[Entries provided Boundary: Start]
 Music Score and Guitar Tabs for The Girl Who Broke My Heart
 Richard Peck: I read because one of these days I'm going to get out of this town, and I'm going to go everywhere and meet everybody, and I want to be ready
[Entries provided Boundary: End]
[Entries provided Boundary: Start]
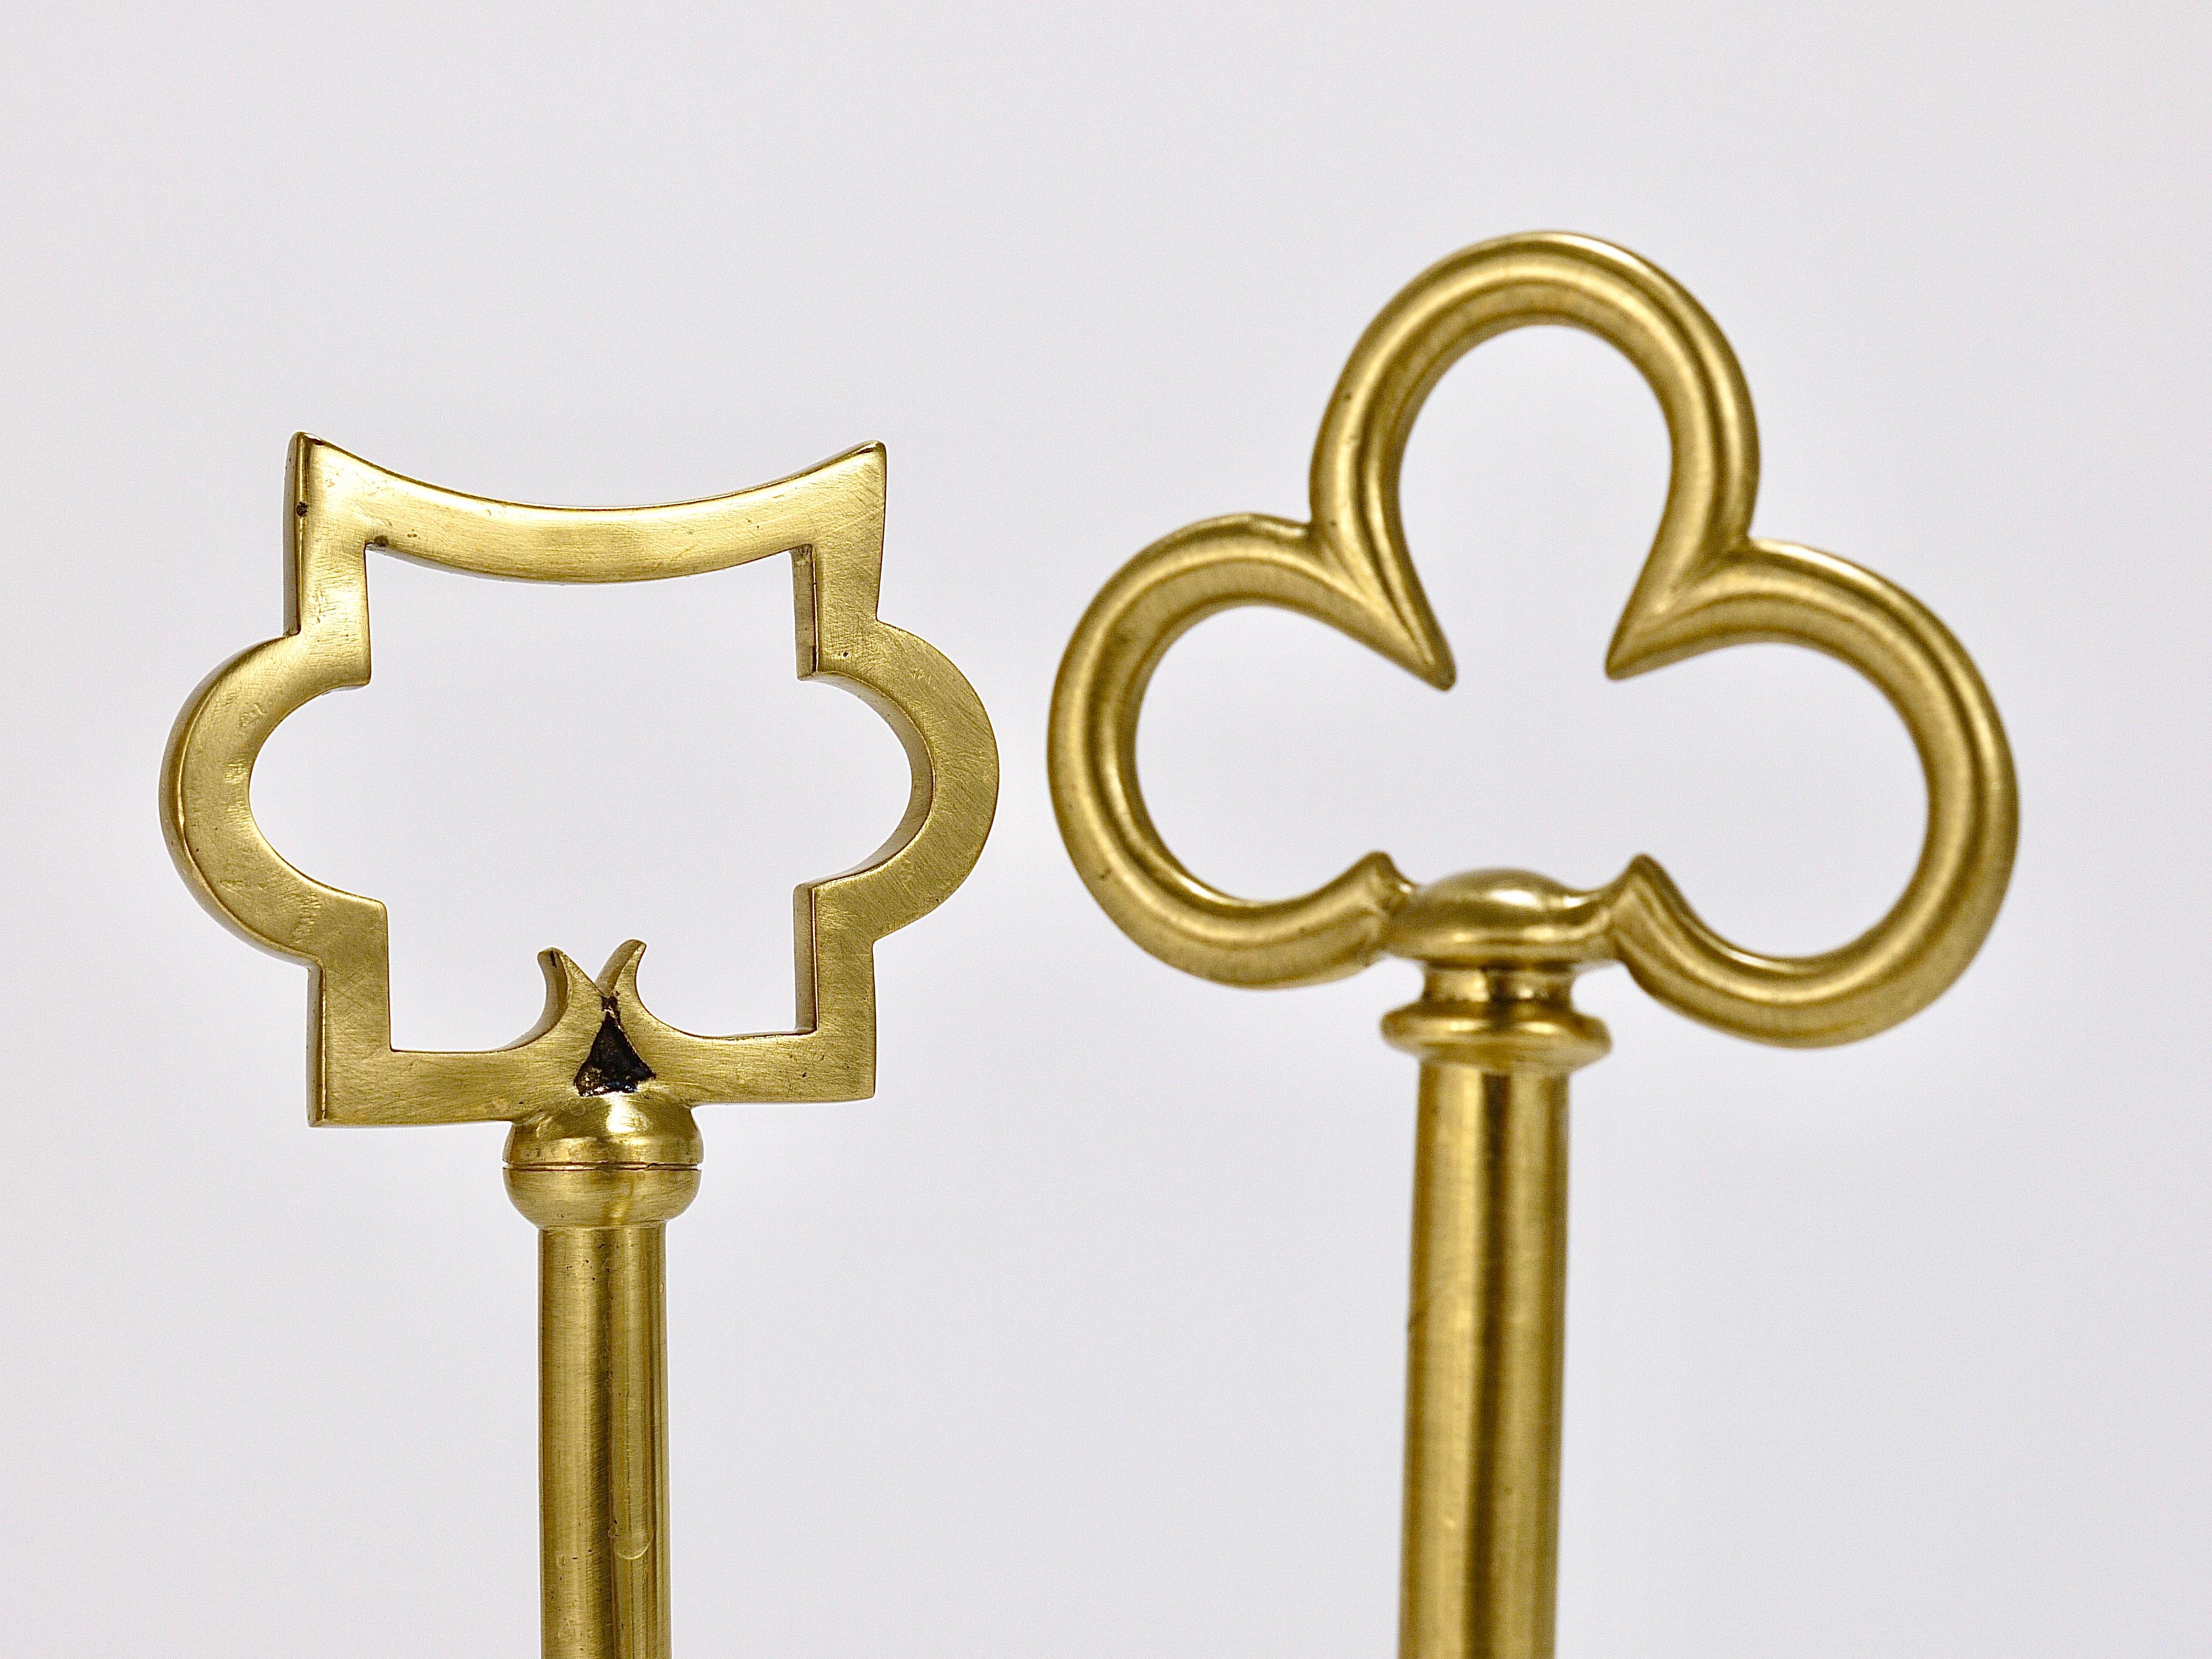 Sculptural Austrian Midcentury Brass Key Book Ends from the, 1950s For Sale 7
[Entries provided Boundary: End]
[Entries provided Boundary: Start]
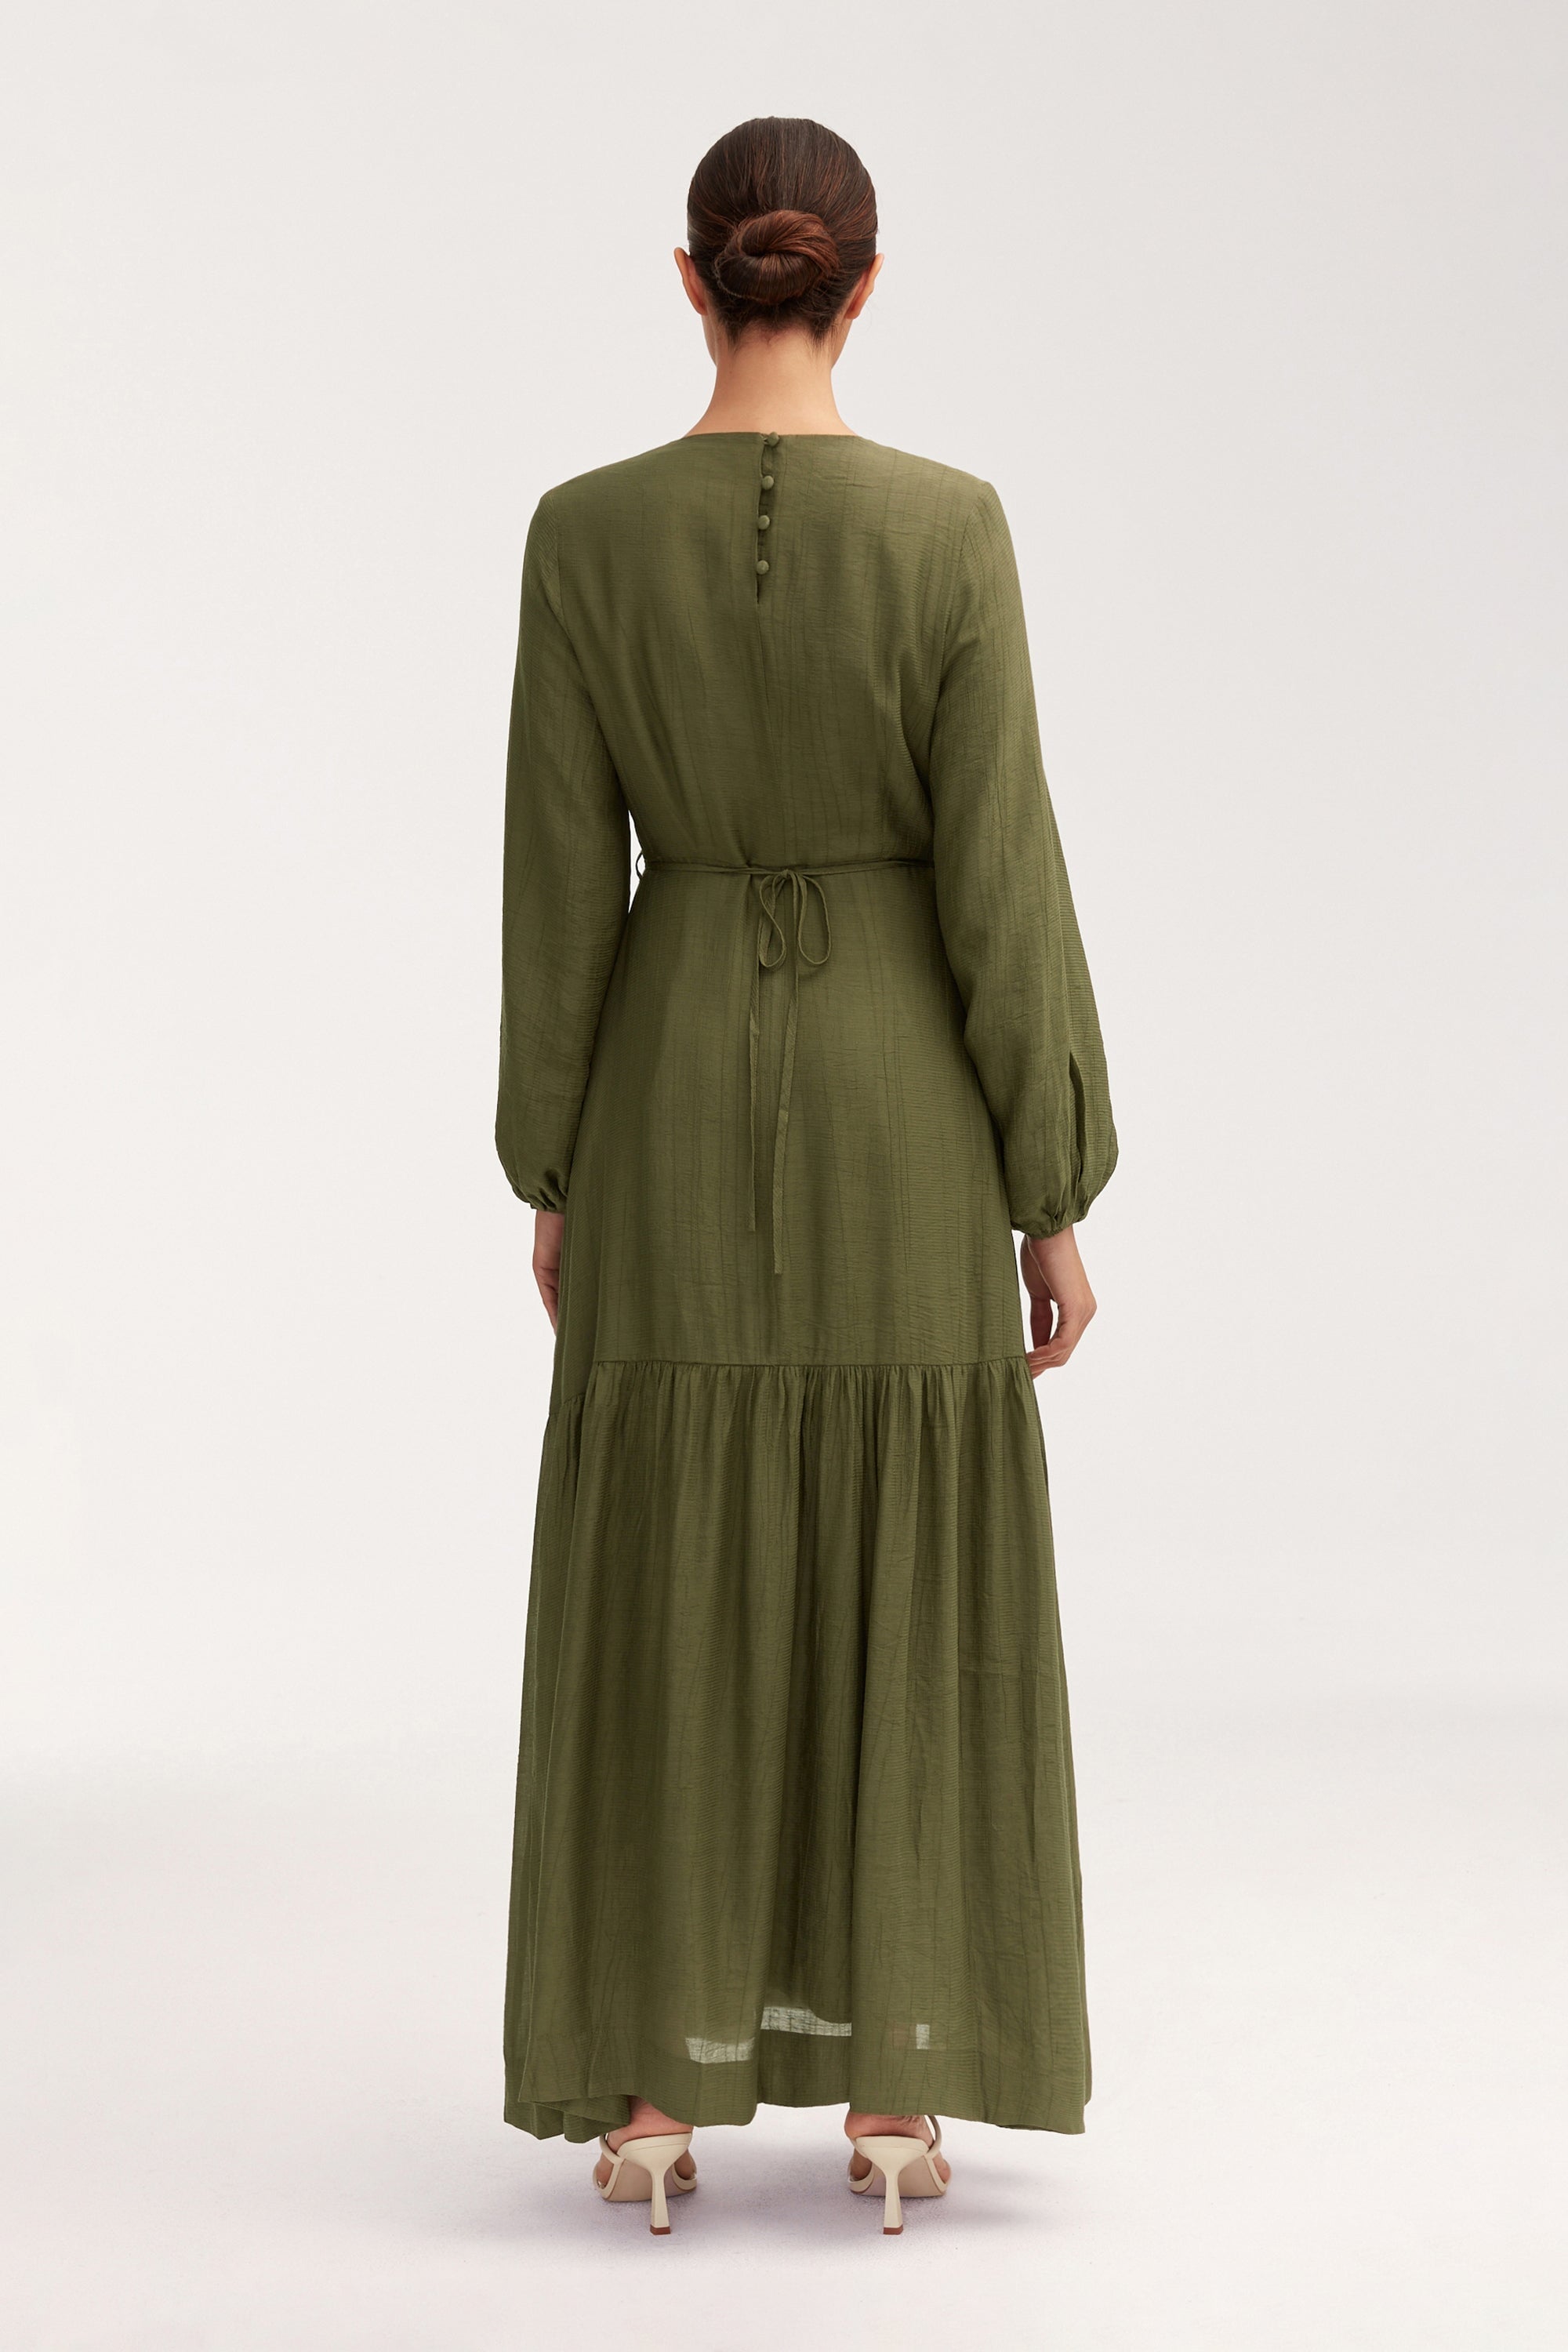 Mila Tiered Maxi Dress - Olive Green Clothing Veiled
[Entries provided Boundary: End]
* Task goal: Reproduce the lines above, beginning at the line with "Music Score and" and stopping after the line with "Richard Peck: I", exactly as they are.

* Task result:
 Music Score and Guitar Tabs for The Girl Who Broke My Heart
 Richard Peck: I read because one of these days I'm going to get out of this town, and I'm going to go everywhere and meet everybody, and I want to be ready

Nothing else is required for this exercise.